Calm down, you’re fine. Beer is certainly perishable, but it won’t spoil in the way, say, a quart of milk does. Beer past its expiration date isn’t unhealthy, but it is sad and not delicious. Today, I’m here to guide you through the ins and outs of buying fresh beer.

Beer tastes best fresh. Full stop. Such a small number of beers taste better with age, that it’s not even worth throwing a ‘most’ into that statement. Beer tastes best fresh. What gets me excited about beer is the vivid brightness of fresh beer flavors. Tasting a week-old IPA and getting the clear impression of oranges, pine, and pineapple, or drinking a fresh hefeweizen and really tasting banana: those are some of the best beer drinking experiences there are. Of course, freshness can’t make any bad beer taste good, but staleness can make any beer taste muddled and lame.
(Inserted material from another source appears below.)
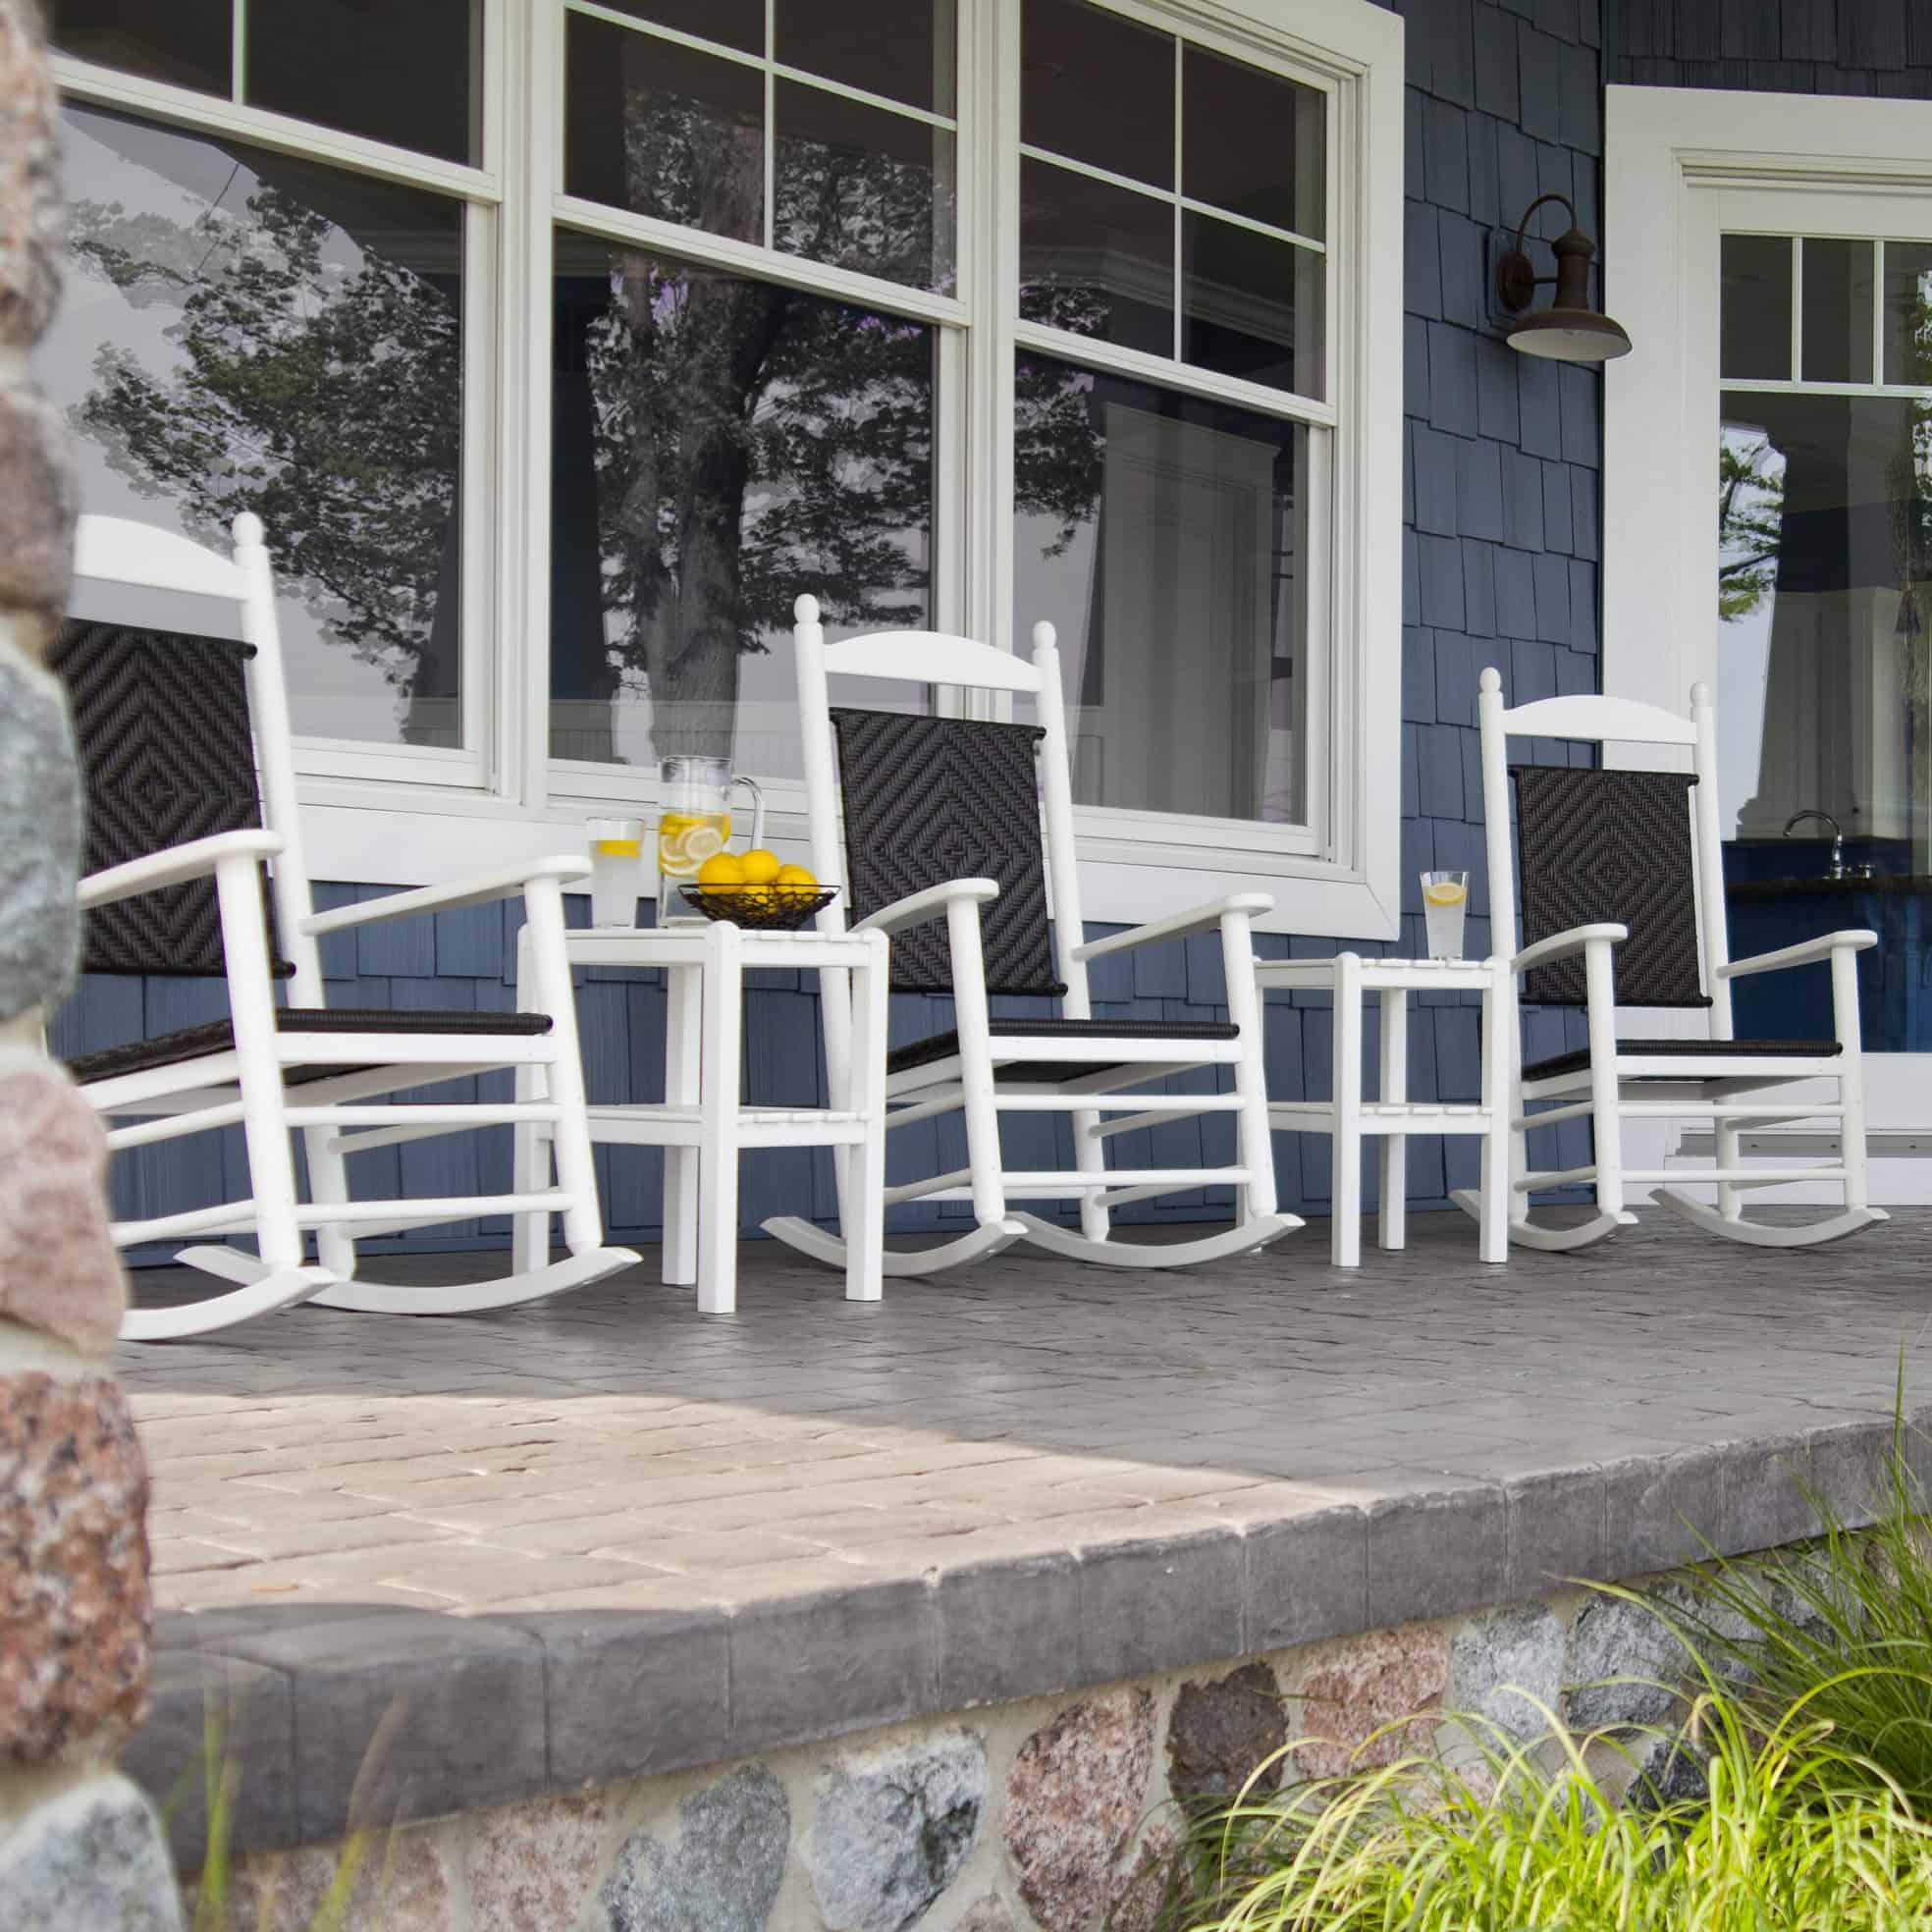 15 Super Simple Back Porch Ideas on Simple Back Deck Ideas id=33736

“Beer has four main enemies: light, heat, oxygen, and time.”

Beer has four main enemies: light, heat, oxygen, and time. All beers are exposed to each of these to some extent—there is no universal defense against them. It’s similar to the way the aromas and flavors of the ground spices in your cabinet can fade over time…and then it gets worse. The longer a beer remains undrunk, the more its flavors dull, then disappear, and are eventually replaced with the skunky aroma of light-struck beer, or the cardboard and cooking-sherry flavors of oxidization.

Maggie Hoffman

So, you’re at your local bottle shop picking up some beer. You should be thinking about time first: nine out of ten beers are getting worse the longer they stay in the bottle. Hoppy beers in particular lose a significant amount of aroma, and oxygen starts ravaging the beer, making it taste like cardboard or cooking sherry. Your move: always look for “bottled on” dates printed on the label or bottle. Different beers, of course, age differently, but a good rule of thumb is that beer will taste best in its first 30 days in a bottle. If the label says that beer has been in the bottle more than 90 days, avoid that gnarly stuff.
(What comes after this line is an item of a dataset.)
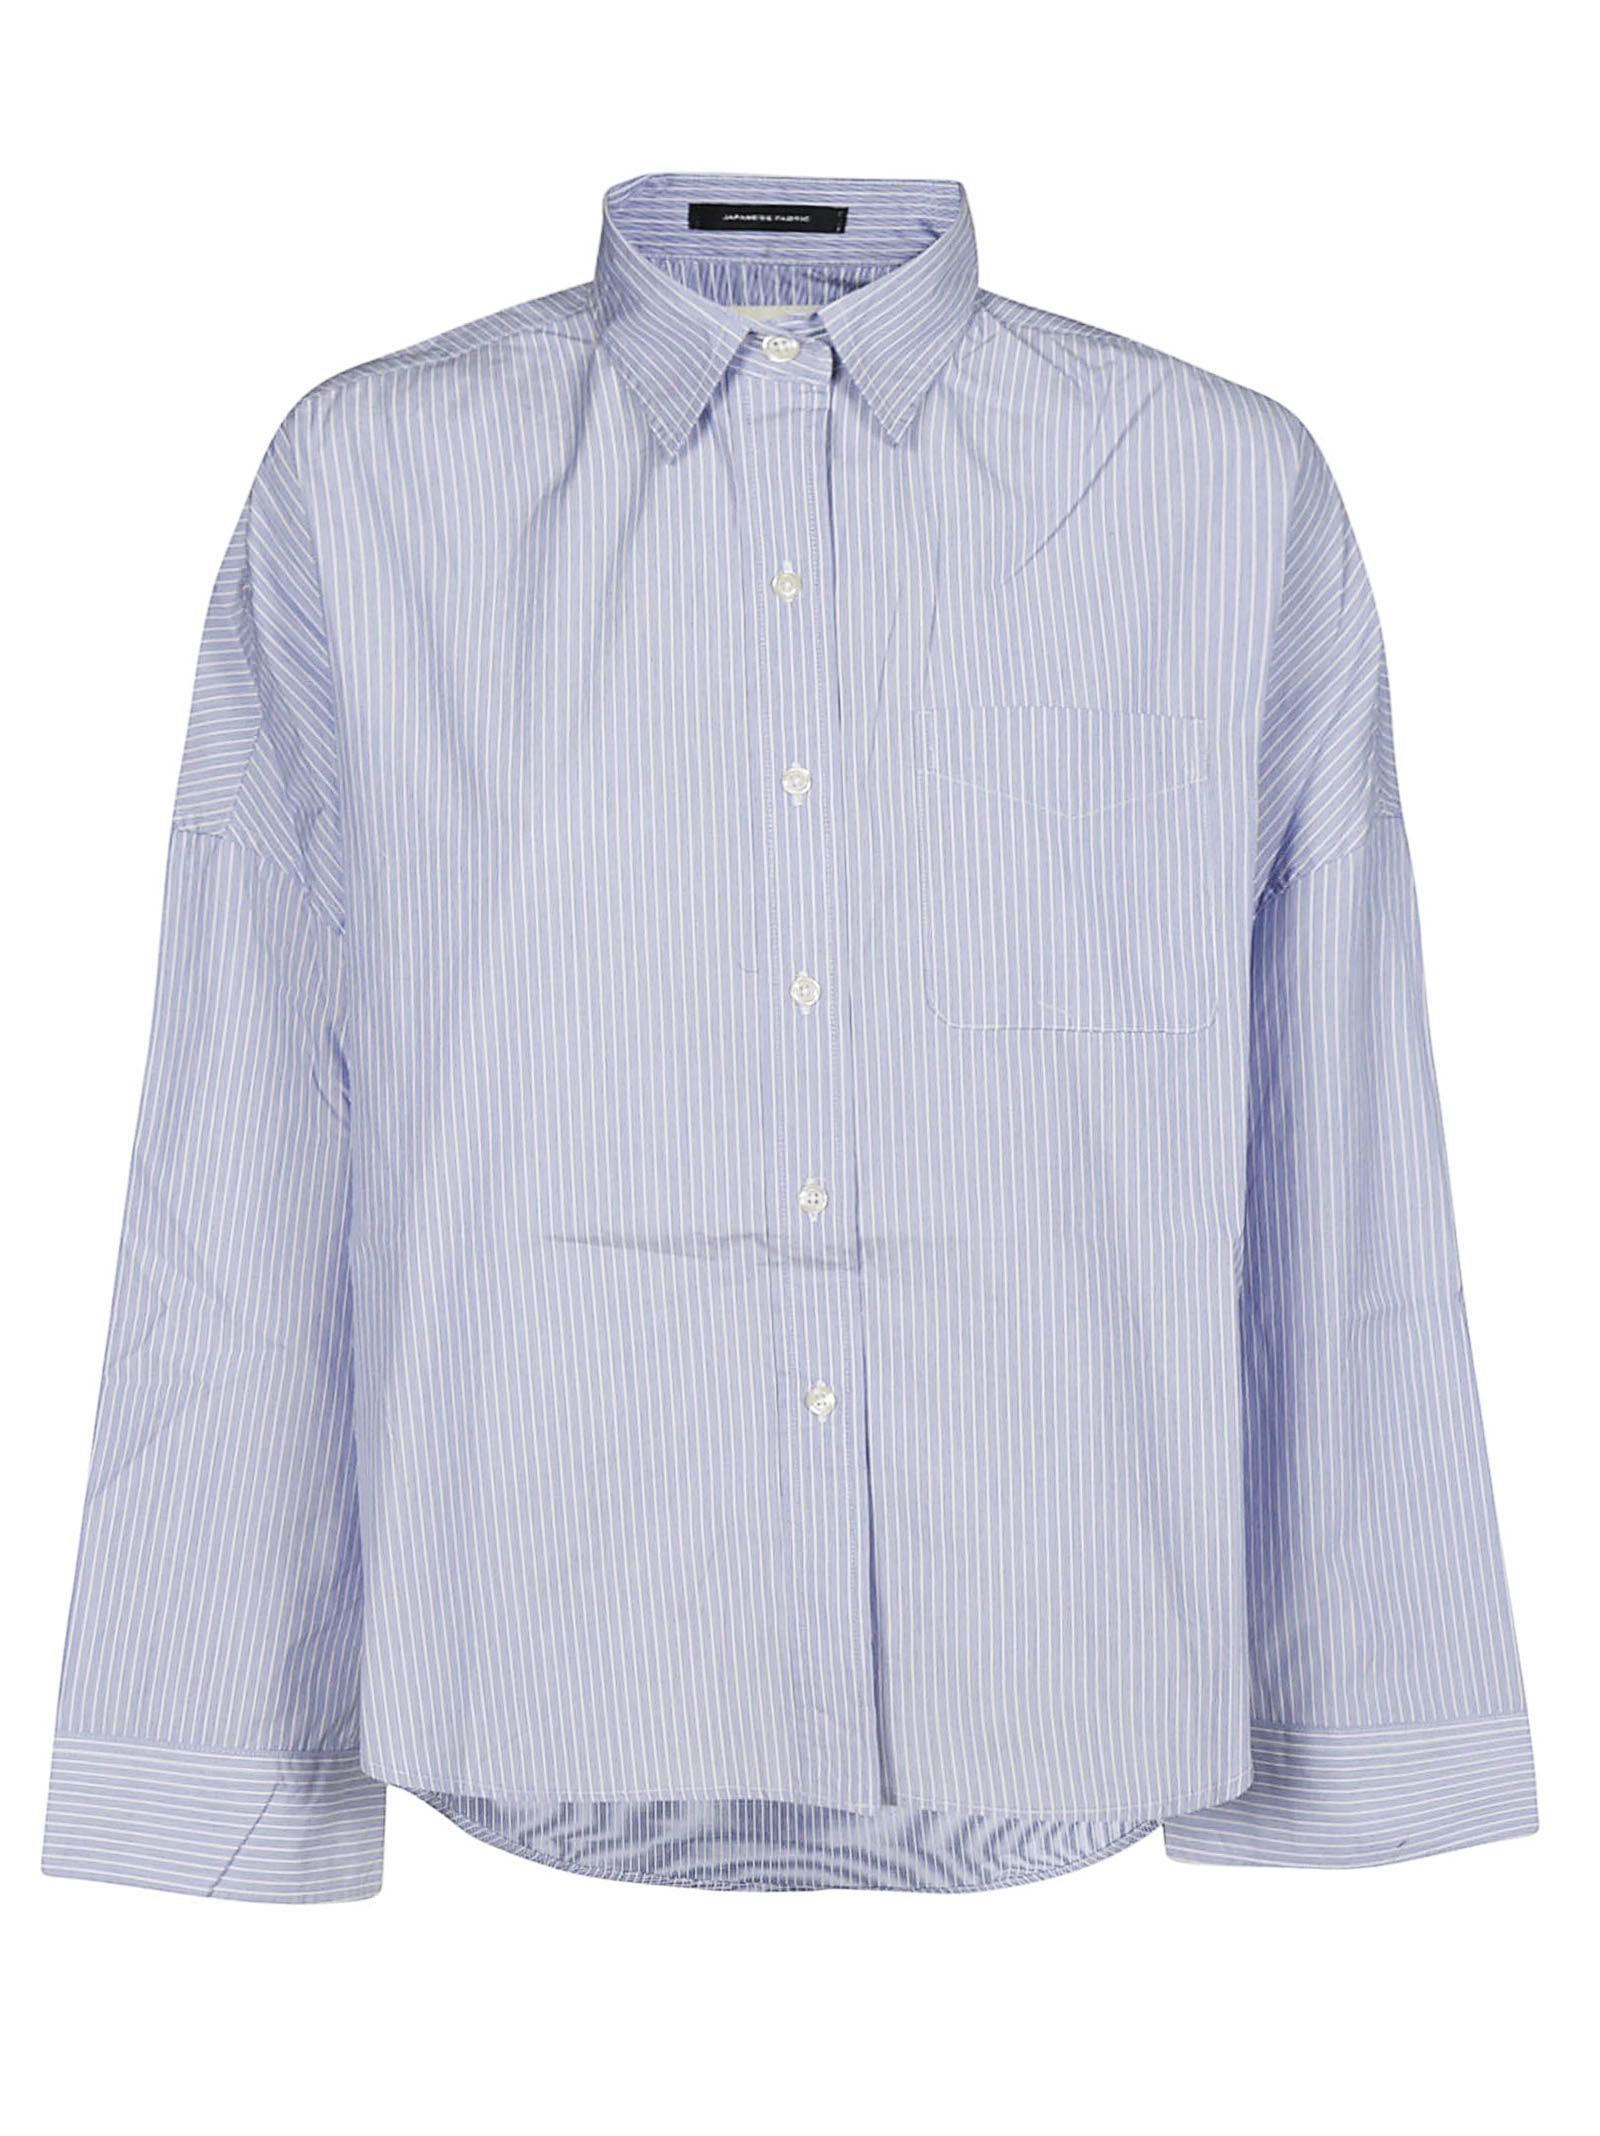 cf67376b05 R13 R13 Striped Print Cropped Shirt - Light Blue/White - 10831024 ...

Some bottles will have “Enjoy by” dates instead of bottling dates. These are better than nothing, but they can be deceptive because there’s no indication of how long it’s been since the bottle was filled. Packaging codes are intentionally unreadable, which is a huge bummer. (And plenty of excellent breweries, such as Sierra Nevada and Lagunitas, use them.) If you can’t tell how fresh the beer you’re looking at is, consider where you are. Does beer sell fast at the shop you’re visiting? Can a salesperson estimate when they got that beer in? How close is the brewery to where you’re buying beer? These will give you hints about freshness, but you’re better off with that ‘bottled on’ date.
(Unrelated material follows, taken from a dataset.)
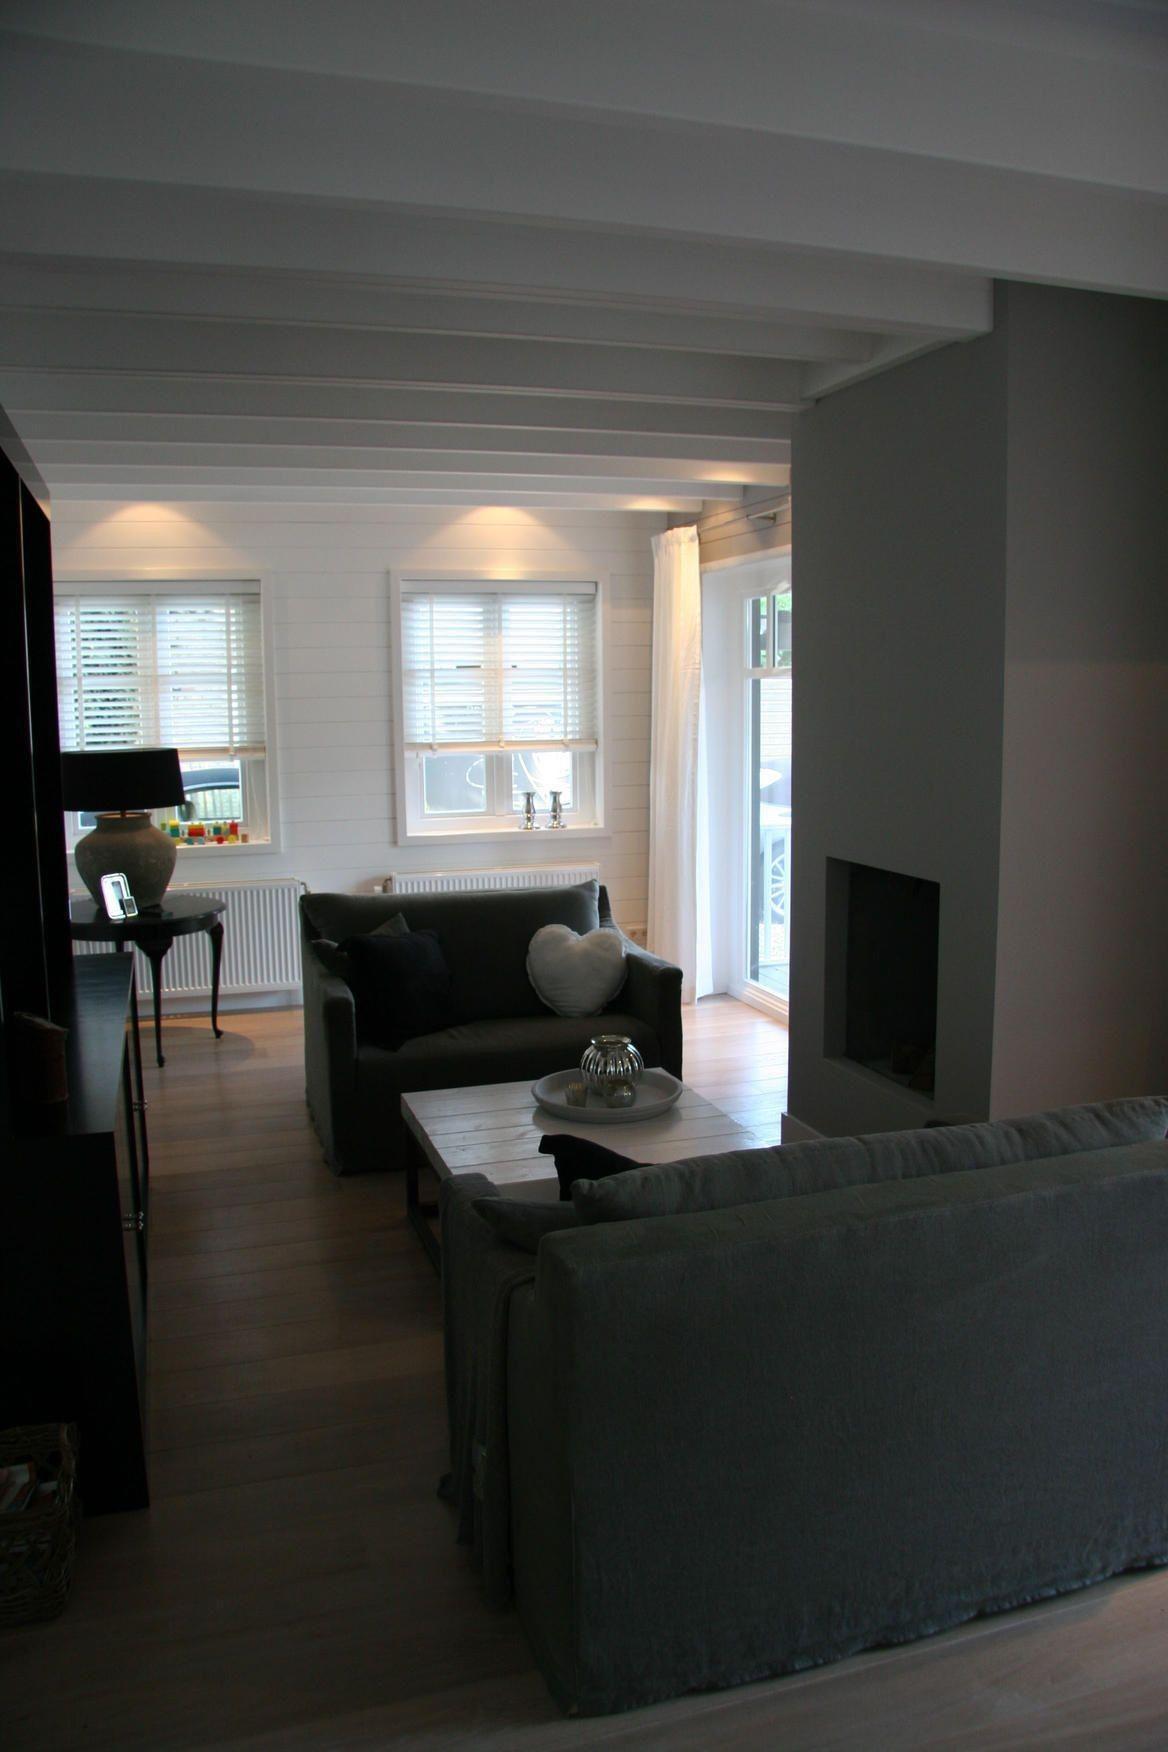 Maison témoin   Kijkwoning Nederland   Mi Casa   Interieur ...

Alright, beer detectives. Once you’ve considered the beer’s age, look at temperature. Again, hoppy beers in particular are very fragile, so don’t buy IPA off a warm shelf. Higher alcohol, less hoppy beers can do OK at room temperature, but as far as maintaining freshness, cold is always better. Letting beer warm up to room temp and then cooling it down again isn’t the best thing for beer, but it’s better than letting it stay warm, so don’t stress out about whether or not your beer is going bad on the car ride home. Brown glass and a six pack carrier does a fairly good job of protecting beer from light, but anything sitting in direct sunlight is not going to taste like it should. If your local shop stores beer bottles next to a window, find a new local shop.

Drinking beer at a bar? Finding fresh beer on tap is a little trickier. Most servers and bartenders aren’t able to tell you the date that the keg was filled, so I find the best way to get fresh beer is choose beer from local breweries. At HenHouse, we start delivering beer the same day we fill kegs and so we can get very fresh beer on tap very quickly. Beer traveling across the country goes by truck or by train, and that takes a couple of weeks. If you’re seeking fresh beer and opting for local breweries, you might end up surprised by how many kick-ass breweries are right in your backyard. One more tip: Never be afraid to ask for a taste of a beer on tap before you get a full pour. This is your chance to see if the beer is stale before you buy a pint.

Many people will tell you that beer styles make a big difference in how fresh you should drink a beer. That’s a little misleading. Most brewers release beer when they feel it is ready to drink. Certainly, Belgian tripels, imperial stouts, and barleywines age more gracefully than IPAs, but in many cases the brewer has taken caring of the aging process for you. What’s more, many breweries pasteurize their beer, which limits the beer’s potential for aging. Do your research before you start investing in beers to cellar. And crack a fresh bottle before you lay one down so you have a baseline to compared the aged version to. Curious about cellaring beer? Start with this guide from Mike Reis if you’re thinking of building up your collection.

When you’re buying beer, I encourage you to be picky. You’re spending your hard-earned cash on good beer because you want to enjoy it, so make sure you’re getting the most for your money. If you check dates and only buy from cold boxes, your chances for deliciousness greatly improve. We live in a golden age of brewing where 90% of Americans live within 15 miles of a brewery, so go meet your locals and buy six packs from them. They’ll appreciate it more than you know.